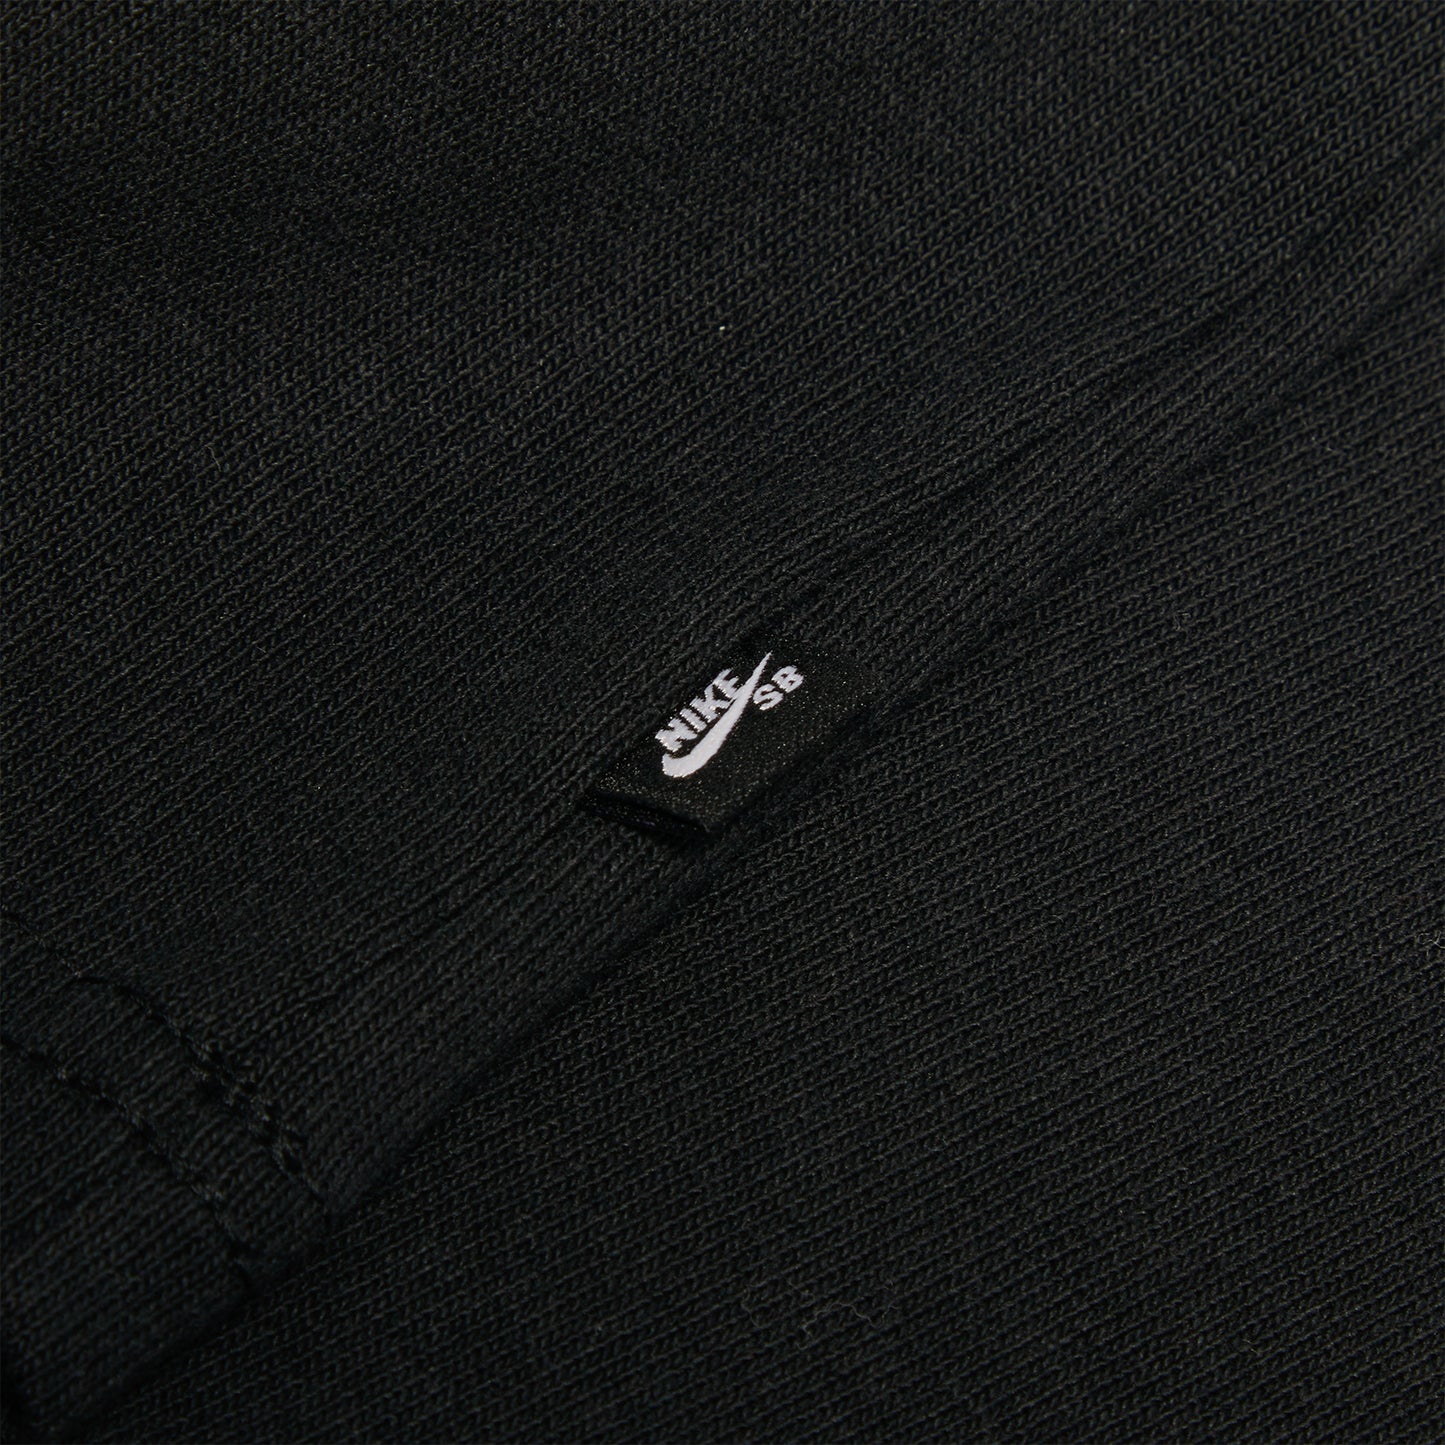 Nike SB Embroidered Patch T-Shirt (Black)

...

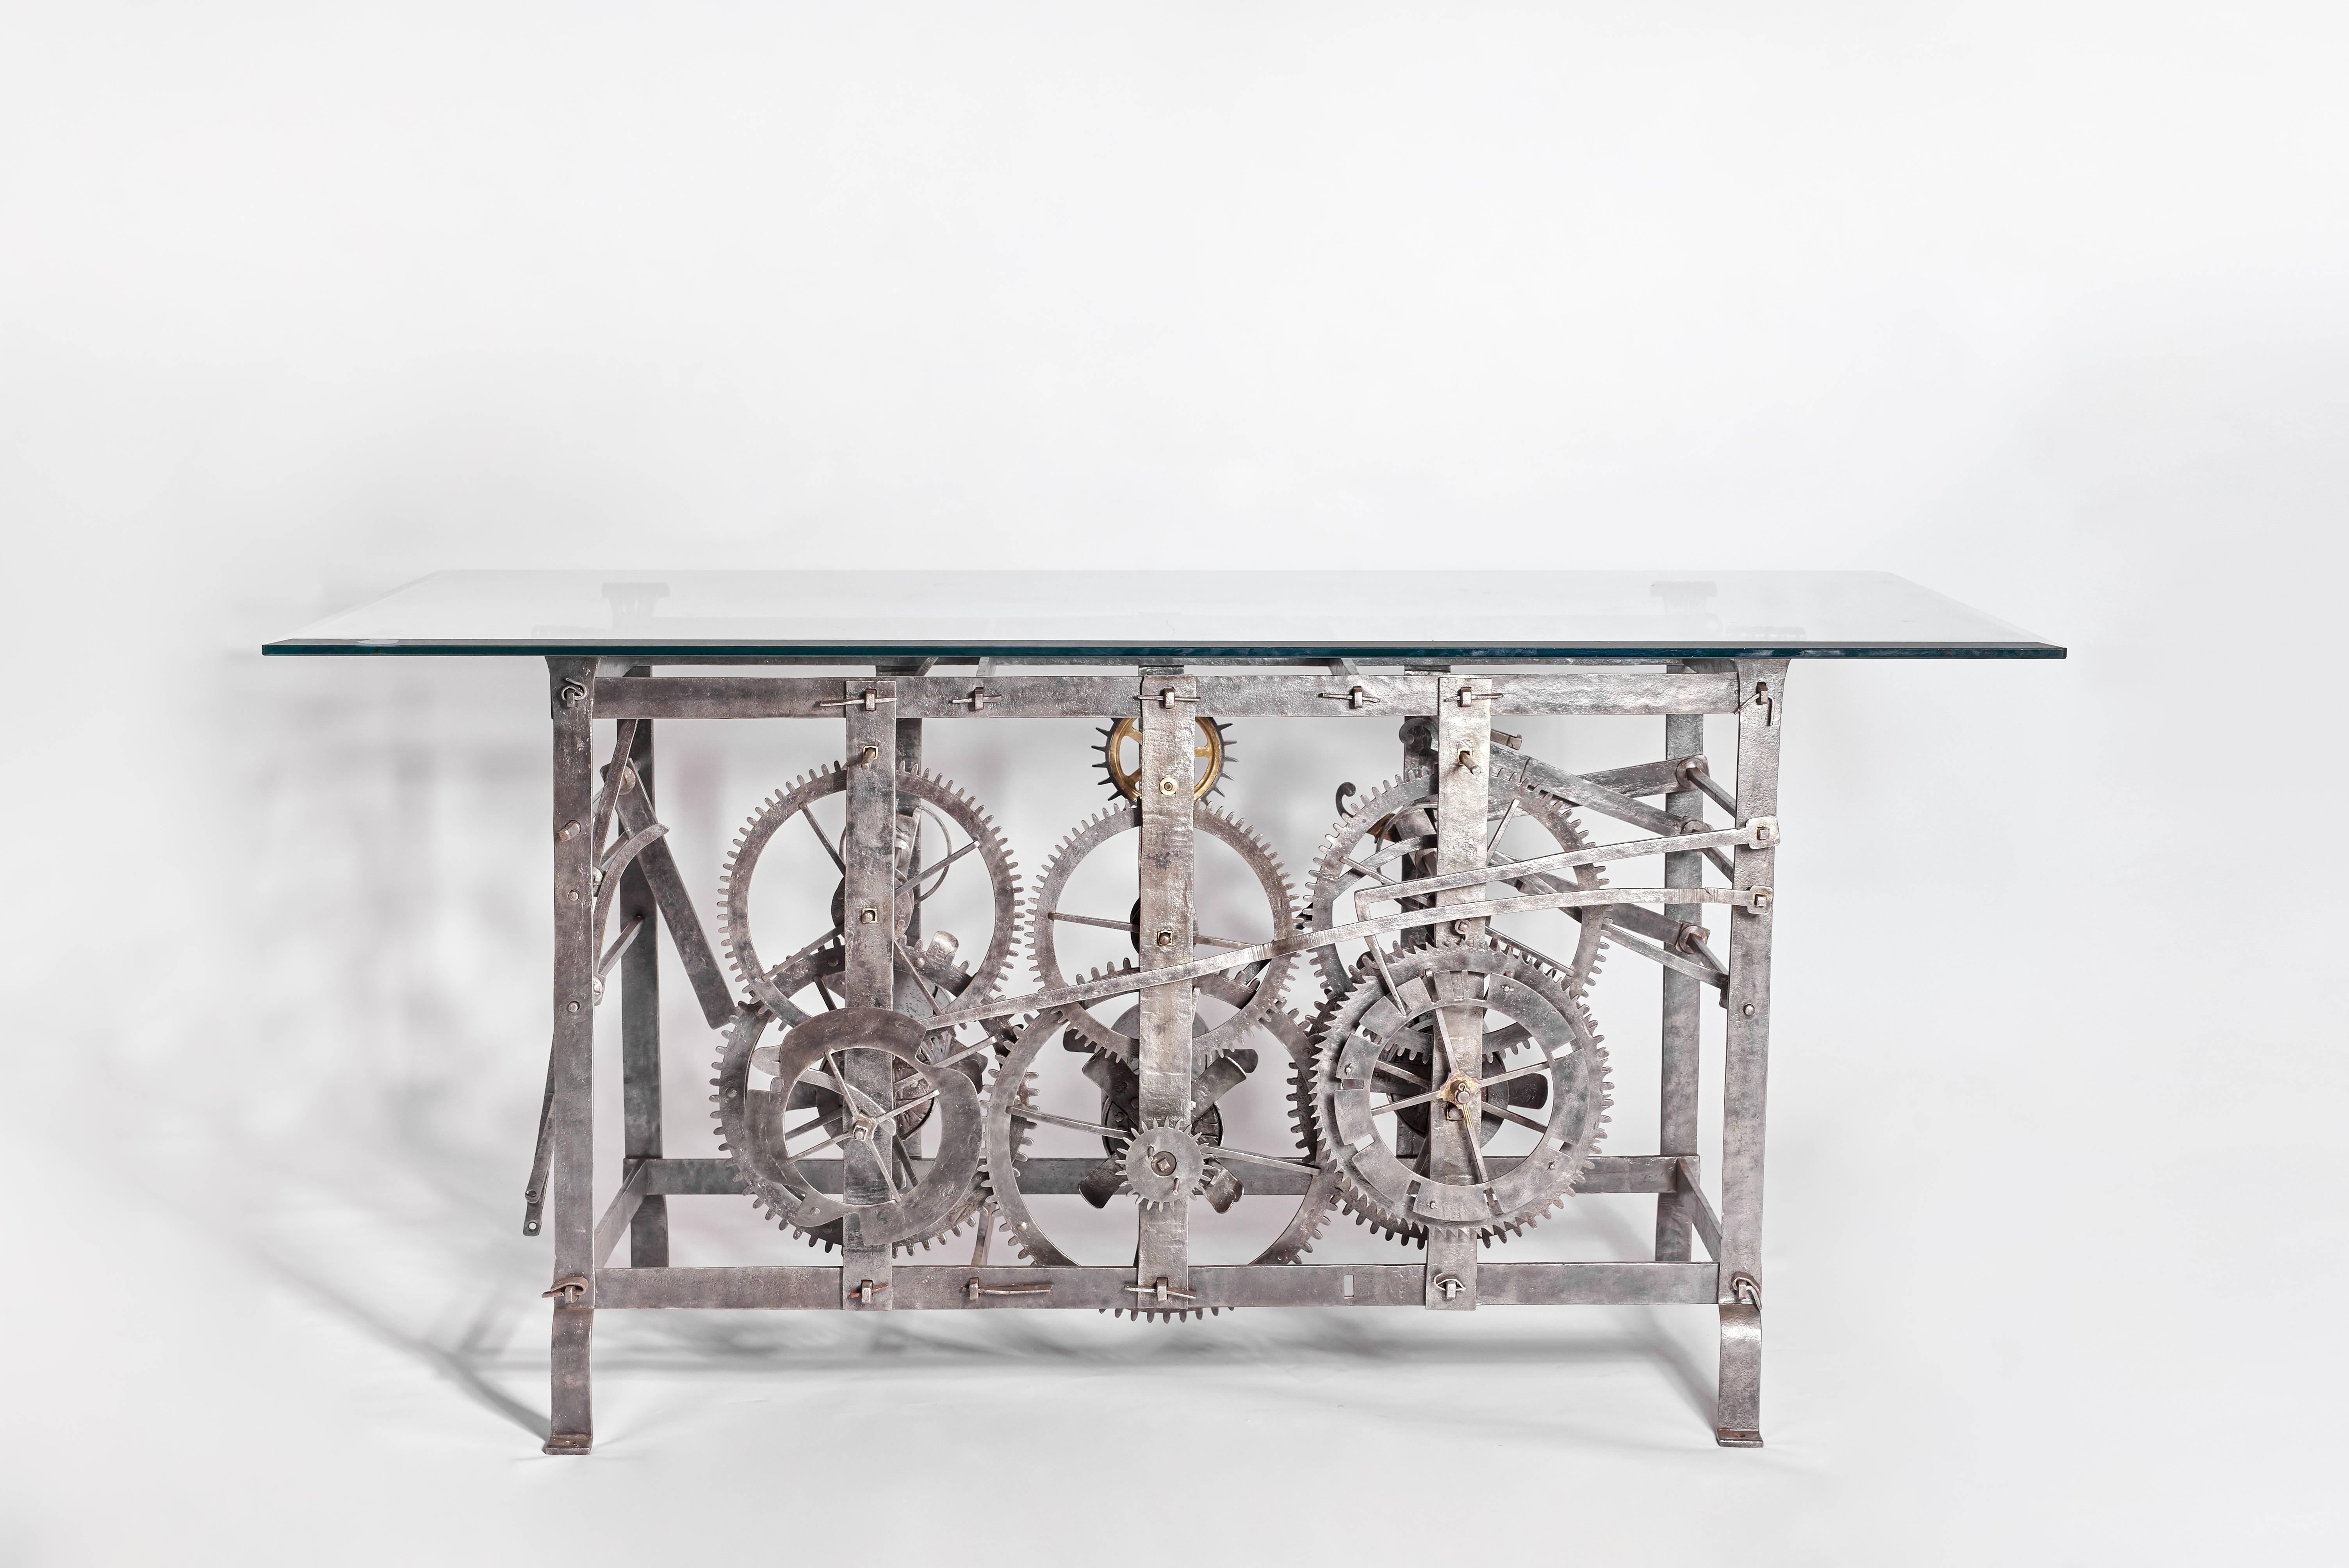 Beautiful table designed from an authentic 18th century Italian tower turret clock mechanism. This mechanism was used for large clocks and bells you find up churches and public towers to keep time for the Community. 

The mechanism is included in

---

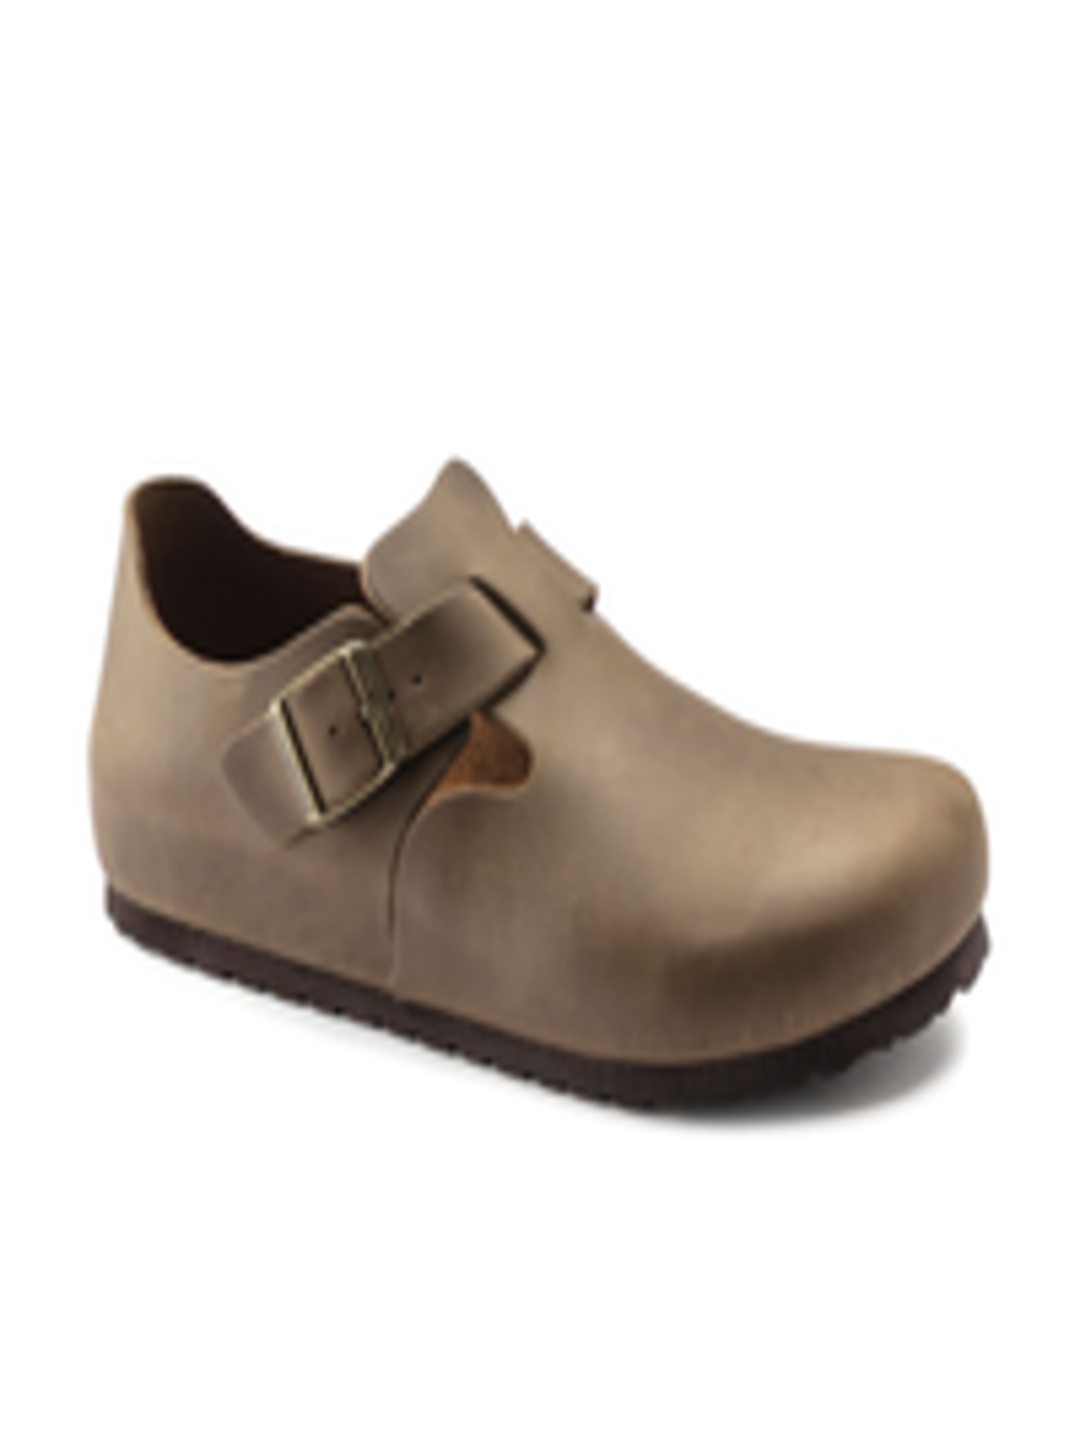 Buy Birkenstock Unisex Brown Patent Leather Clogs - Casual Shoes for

**Task instructions**
The material above holds pictures; leave them out and set down exactly the lines from the line with "Beautiful table designed" to the line with "The mechanism is included in", both included.

**Result below**
 Beautiful table designed from an authentic 18th century Italian tower turret clock mechanism. This mechanism was used for large clocks and bells you find up churches and public towers to keep time for the Community. 

The mechanism is included in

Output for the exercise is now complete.